Around 1859 these ever improving observations would finally call Newton into question when it was noticed that the Perihelion of Mercury (where Mercury is closest to the Sun) was precessing (moving its position around the Sun) in a way that Newtonian gravity did not account for.  It would have to wait until 1905 for a young patent clerk to unravel that mystery.  But that's a story for another time...

With the improvement in telescopes astronomers began to be able to resolve stars that are very close to each other, such as Kruger 60 in Cepheus with an orbital period of 44.5 years, confirming that these same laws of motion applied.

These laws continued to be successful in explaining other phenomena such as great Globular Clusters and Galaxies and even giant clusters of Galaxies.

The story of Gravity continues on, hundreds of books could be written about it.  One of the threads you should follow on your own is to look at how Gravity, along with the Standard Model of physics explains the abundance of the elements, a phenomena known as Nucleosynthesis.  Without the energy potential from Gravity stars could not fuse the simpler elements such as Hydrogen into the heavier elements.  It also requires nova, Super nova, and neutron star collisions to produce the abundance of elements we measure in the Universe.

Experiments such as LIGO (Laser Interferometer Gravitational-Wave Observatory) have detected minute gravity waves from numerous cataclysmic events (black hole mergers and Neutron star collisions).

Other experiments have used Gravity, detected as minute surface variations on the surface of the Ocean, to measure the topography of the Ocean floor.

I've addressed previously why Gravity can hold the Ocean to the Earth but butterflies can fly.

I've shown why the Flat Earth claims that 'Density' or 'Buoyancy' explain our observations do not hold water.

And we've looked at the rotation of the Earth and observed the Eotvos effect with Wolfie6020.  And we've talked about how flights actually work over a curved Earth.


So we've learned that the same laws of motion observed here on Earth also explain the observed motions of the planets and we've directly measured gravity, many times, using many different methods.

One unavoidable consequence of Gravity is that any large body will pull itself into something roughly spherical until it reaches hydrostatic equilibrium -- and the larger the body, the greater the forces acting on the whole to achieve this.

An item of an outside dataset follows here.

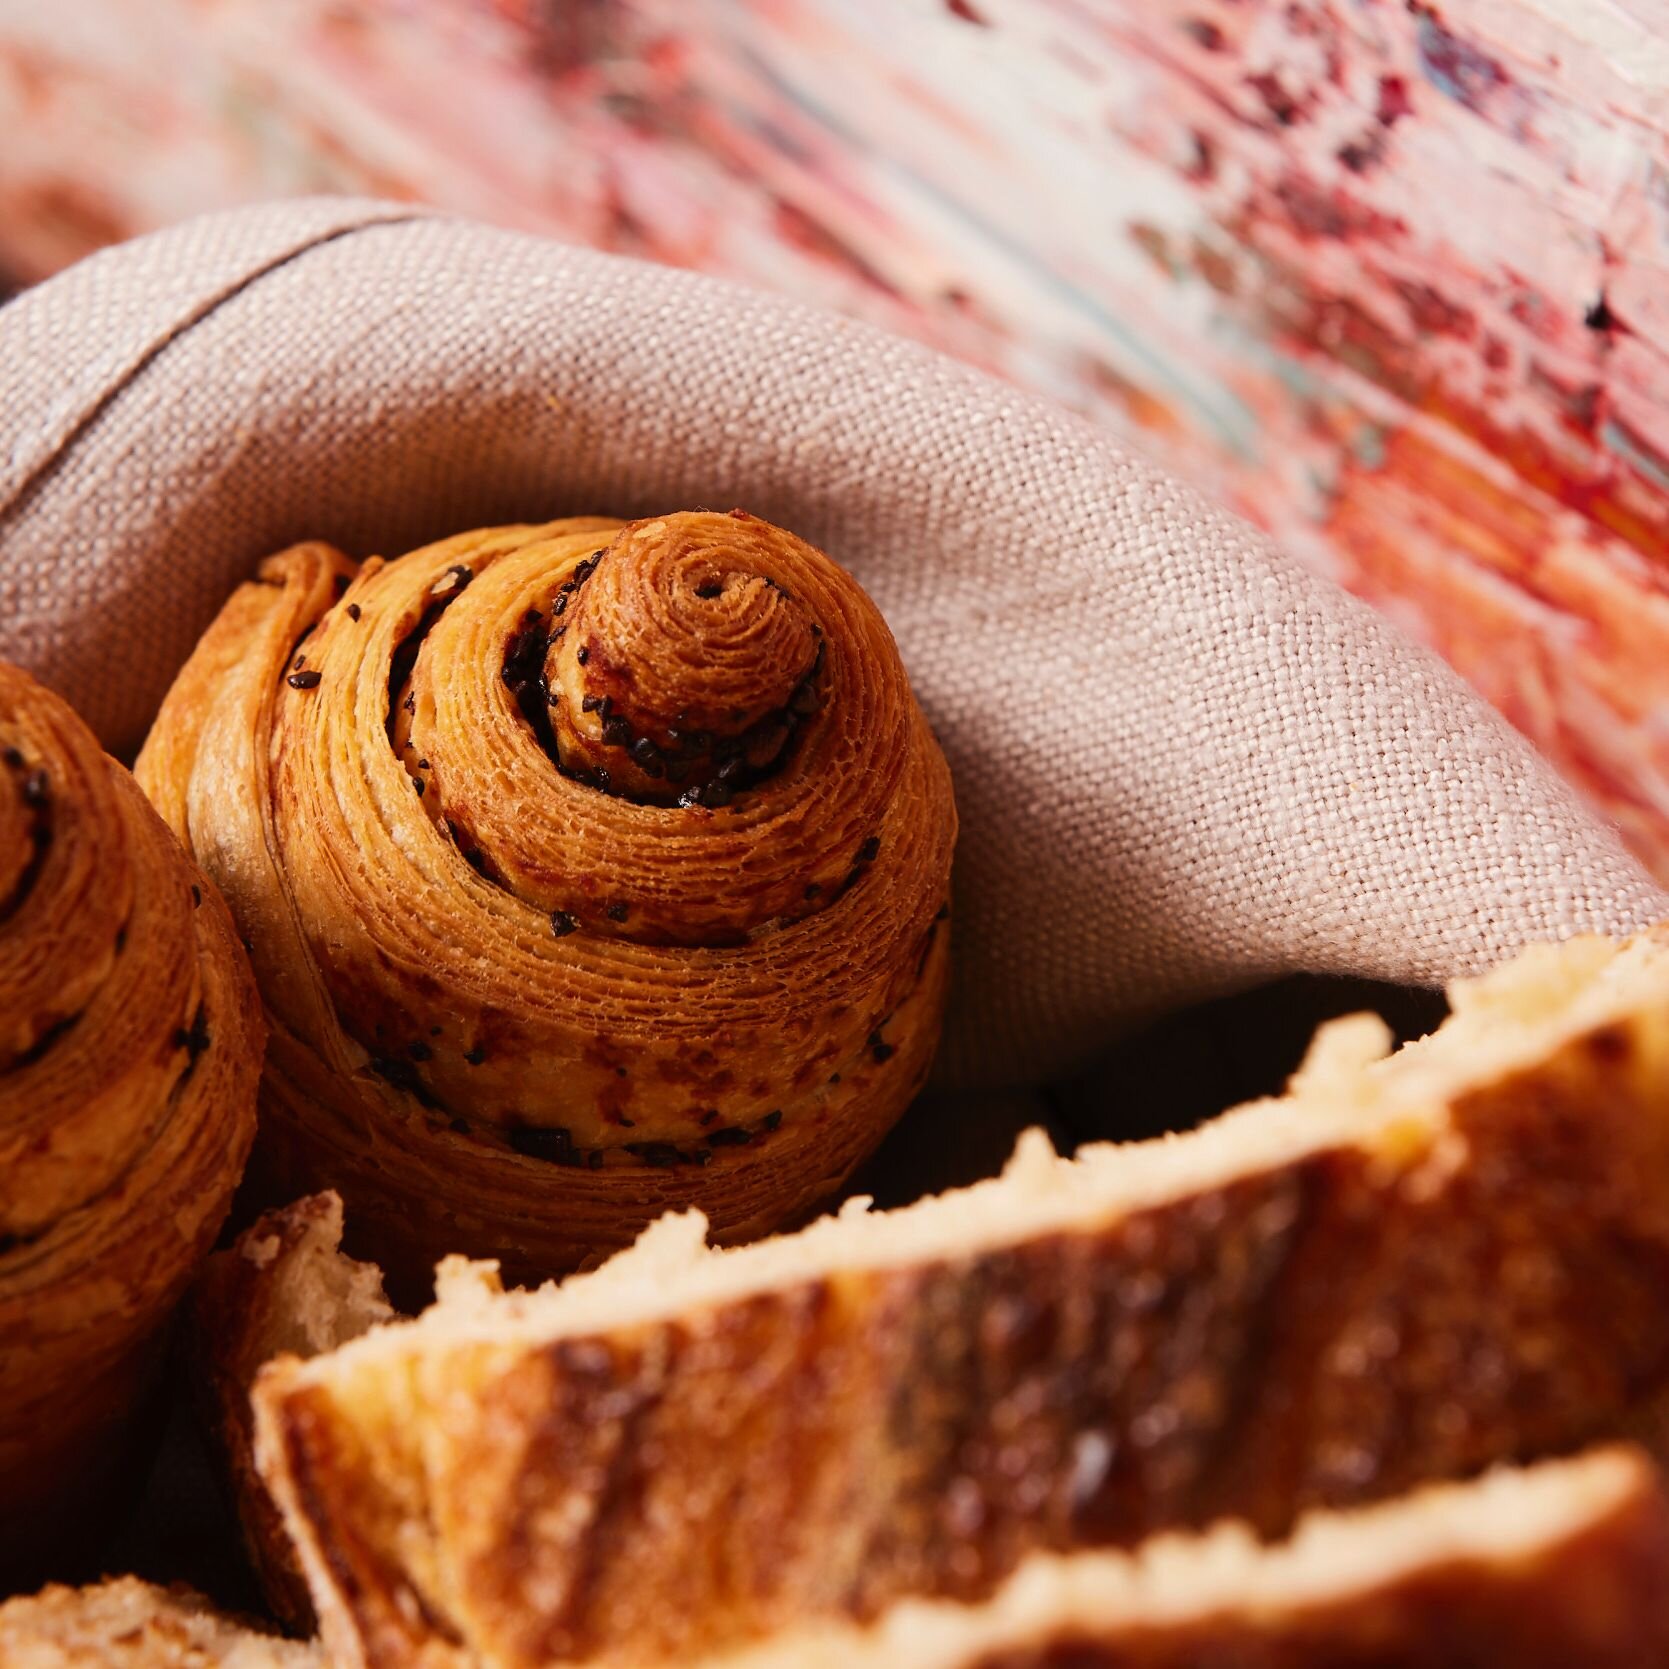 Our house-made Kombu scrolls are baked each morning using organic, stoneground flour. Served with whipped Truffle butter. 

#tetsuyas #tetsuyasrestaurant #tetsuyassydney #tetsuyawakuda #finedining #sydneyrestaurants #bestrestaurants #wheretoeatsydney

No body with the acceleration we experience on Earth could remain a large flat disc.  So it is with our Moon, the other planets in our Solar System, our own Sun and to the limit of our ability to measure them, the distant stars and their Exoplanets.

Once we account for Relativity, there is simply no experimental, empirical observations that show these Laws are wrong.  Period.  There is room to doubt that the shape of space 'causes' Gravity (the Theory of Gravity) -- but there is simply zero room to doubt that there is a phenomena of mutual attraction of matter that is proportional to the mass and inversely proportional to the square of the distance -- the empirical Law of Gravity.

So, dear Flat Earther, when you say "Gravity is a lie" -- we simply don't believe you in the slightest, and with good cause.  Your claim is vapid and puerile and made without the slightest bit of supporting evidence.  Pardon me if I'm utterly unimpressed.

iPhone Free Fall

Now we easily can solve our iPhone free fall question -- the answer is given above as the first equation of motion for a falling body noting that the displacement over some time (t) is the one-half the acceleration times the time squared , where our time is 12/20ths of a second. \[f(t) = gt^2/2\]\[\left( 9.8\;\mathrm{m/s^2} \right) \left(12\;\mathrm{s}/20\right)^2/2 \approx 1.76 \mathrm{m}\] [wolfram|alpha]

The phone was 2.38 meters off the floor and the top of the pillow was at approximately 0.60 meters high (including the bed), giving us a fall distance of approximately 1.78 meters (2.38-0.60).

Do your own experiment and repeat the experiment several times because your accuracy will vary slightly but you should get to within about 2% for a fall that is a couple of meters high (but don't break your phone).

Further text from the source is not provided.